Asia/Canada carriers agree rate increases for 2005
Shipping lines of the Canada Transpacific Stabilization Agreement (CTSA) have agreed to a schedule for rate increases for 2005, designed to recover operating and infrastructure congestion costs.
Effective with contract renewals, but no later than May 1, CTSA lines intend to raise freight rates by the following amounts:
* West Coast Canada, $190 per 20-foot container, $240 for all other sizes.
* Inland point intermodal/mini landbridge, $280 per 20-foot container, $350 for all other sizes.
* All-water East Coast Canada, $345 per 20-foot container, $430 for all other sizes.
“The adjustments reflect an analysis of current and forecast cost trends in the Asia/Canada market,” CTSA members said.
CTSA members fear that cost impacts could significantly worsen during 2005, due to the system-wide impacts of Canadian rail and U.S. port congestion.

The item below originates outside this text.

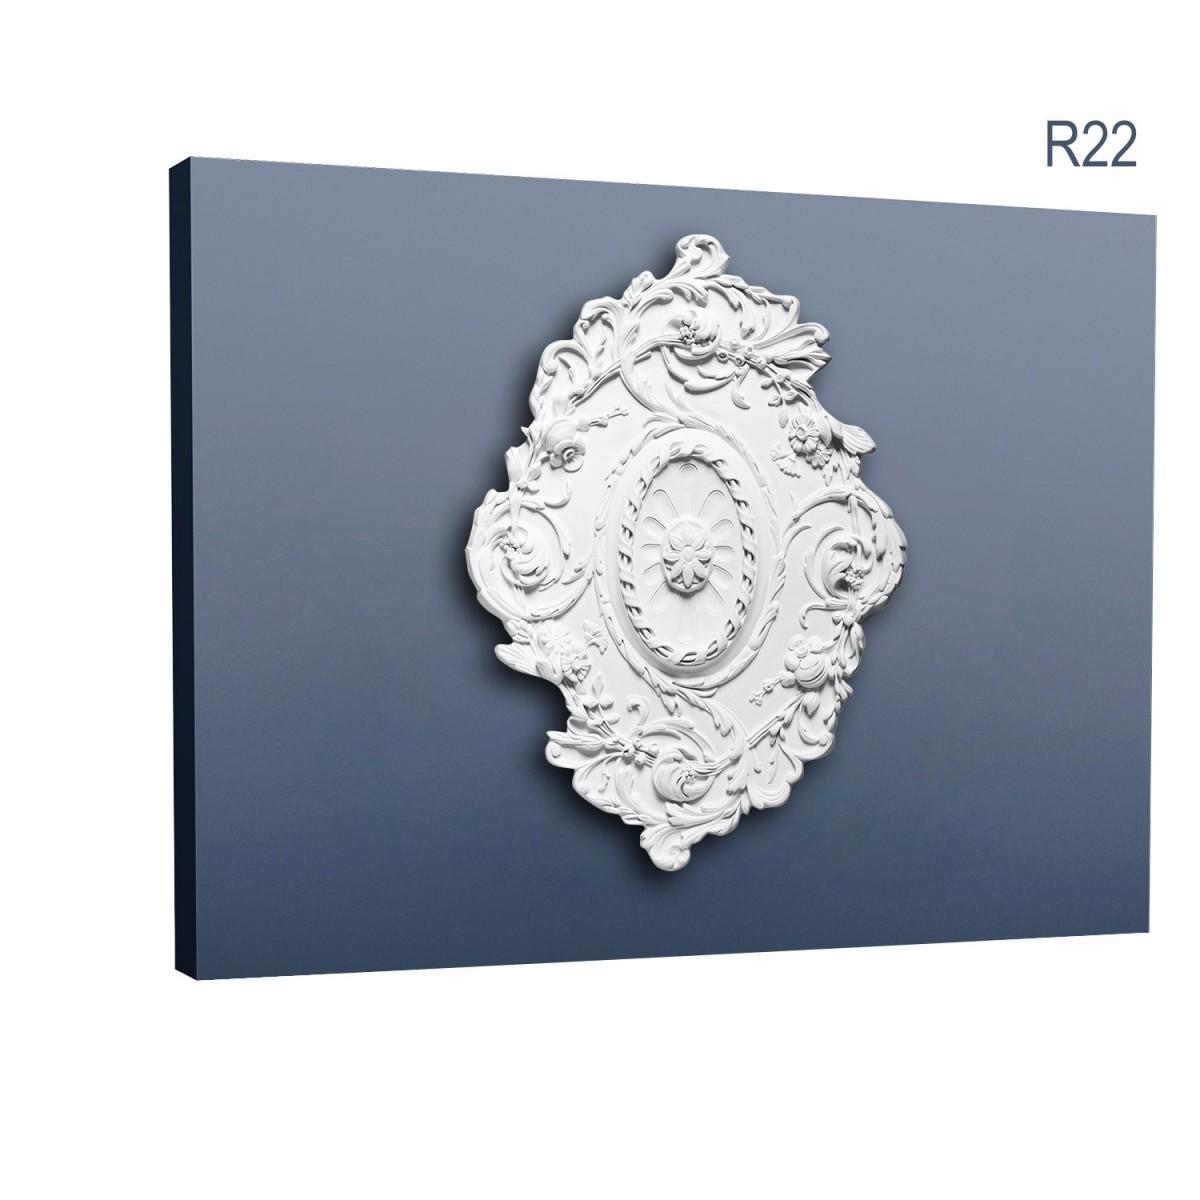 Rozeta Luxxus R22, Dimensiuni: 77.5 X 53 X 3.6 cm, Orac Decor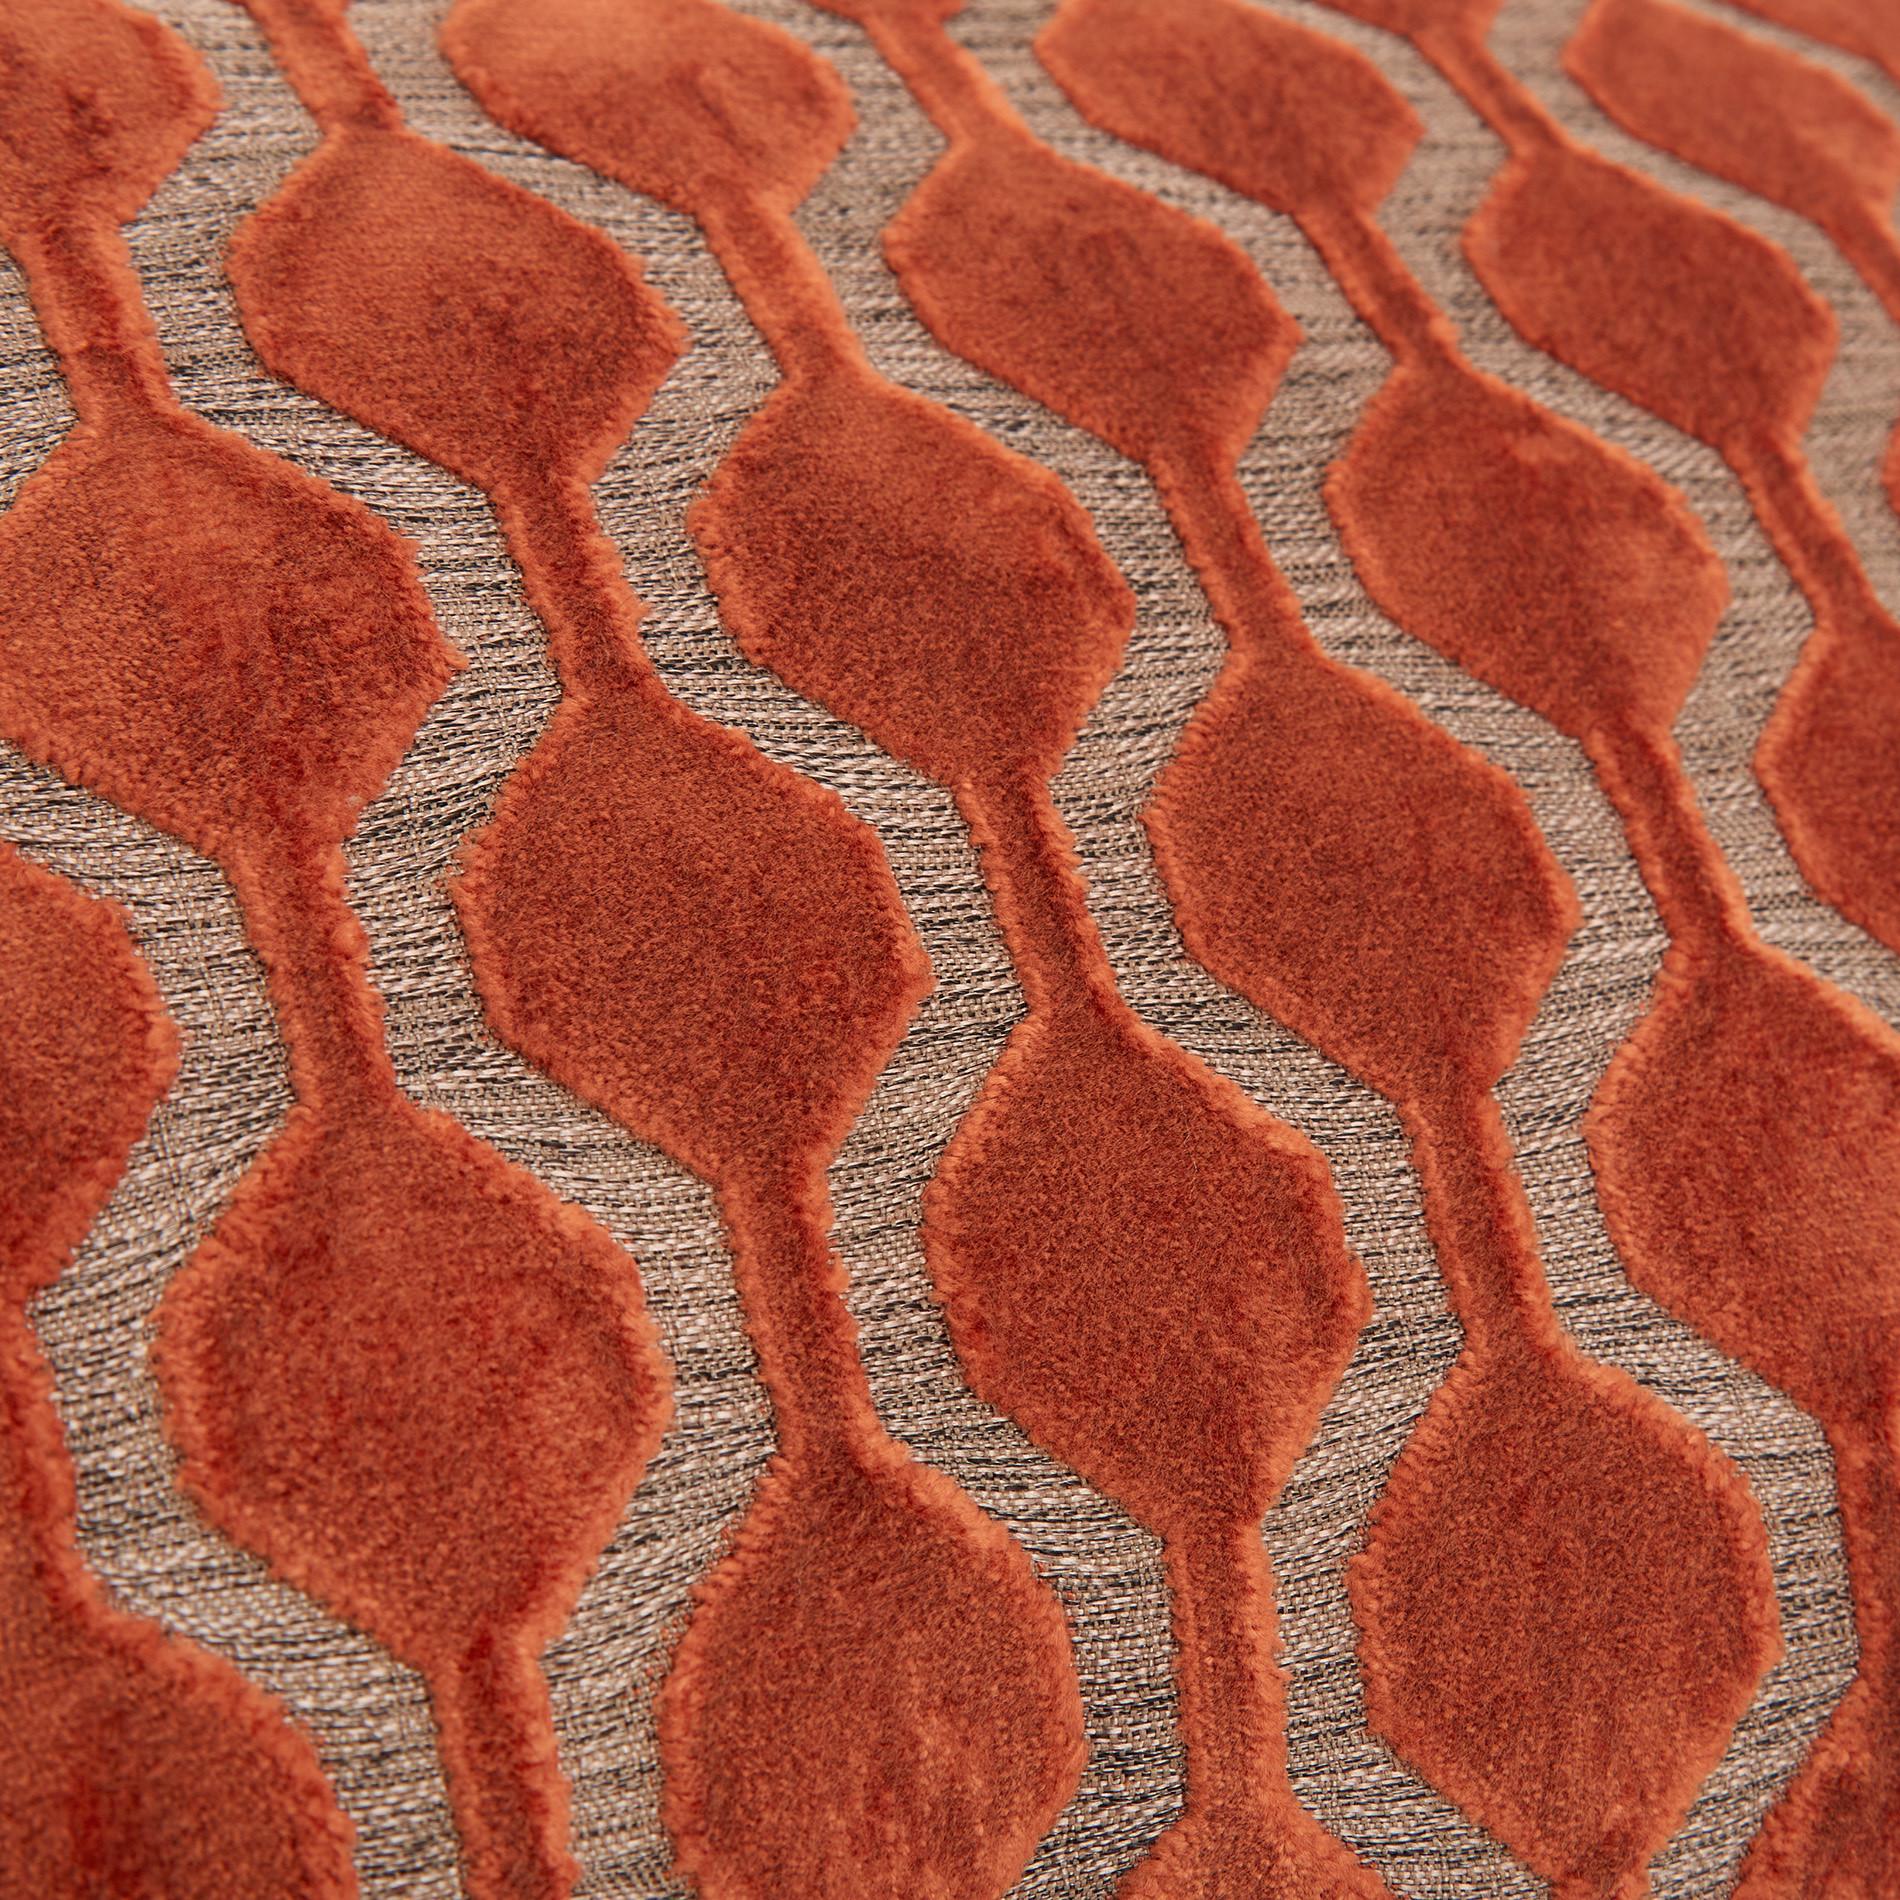 Cuscino velluto motivo geometrico 35x55cm, Marrone chiaro, large image number 3

“Bunched sailings and delays in Southern California ' limit port calls and time in port elsewhere, as carriers struggle to meet tight supply chain schedules. This makes added Northwest rotations impossible. Finally, rail congestion limits overall intermodal network capacity in Canada,” CTSA members said in a statement.
CTSA lines said they will monitor these and other market and operational issues, and may make further cost recovery adjustments in 2005 as they deem necessary.
CTSA members are APL, COSCO Container Lines, Evergreen, Hanjin Shipping, Hapag-Lloyd, Hyundai Merchant Marine, “K” Line, Lykes Lines, MOL, NYK Line, OOCL and P&O Nedlloyd.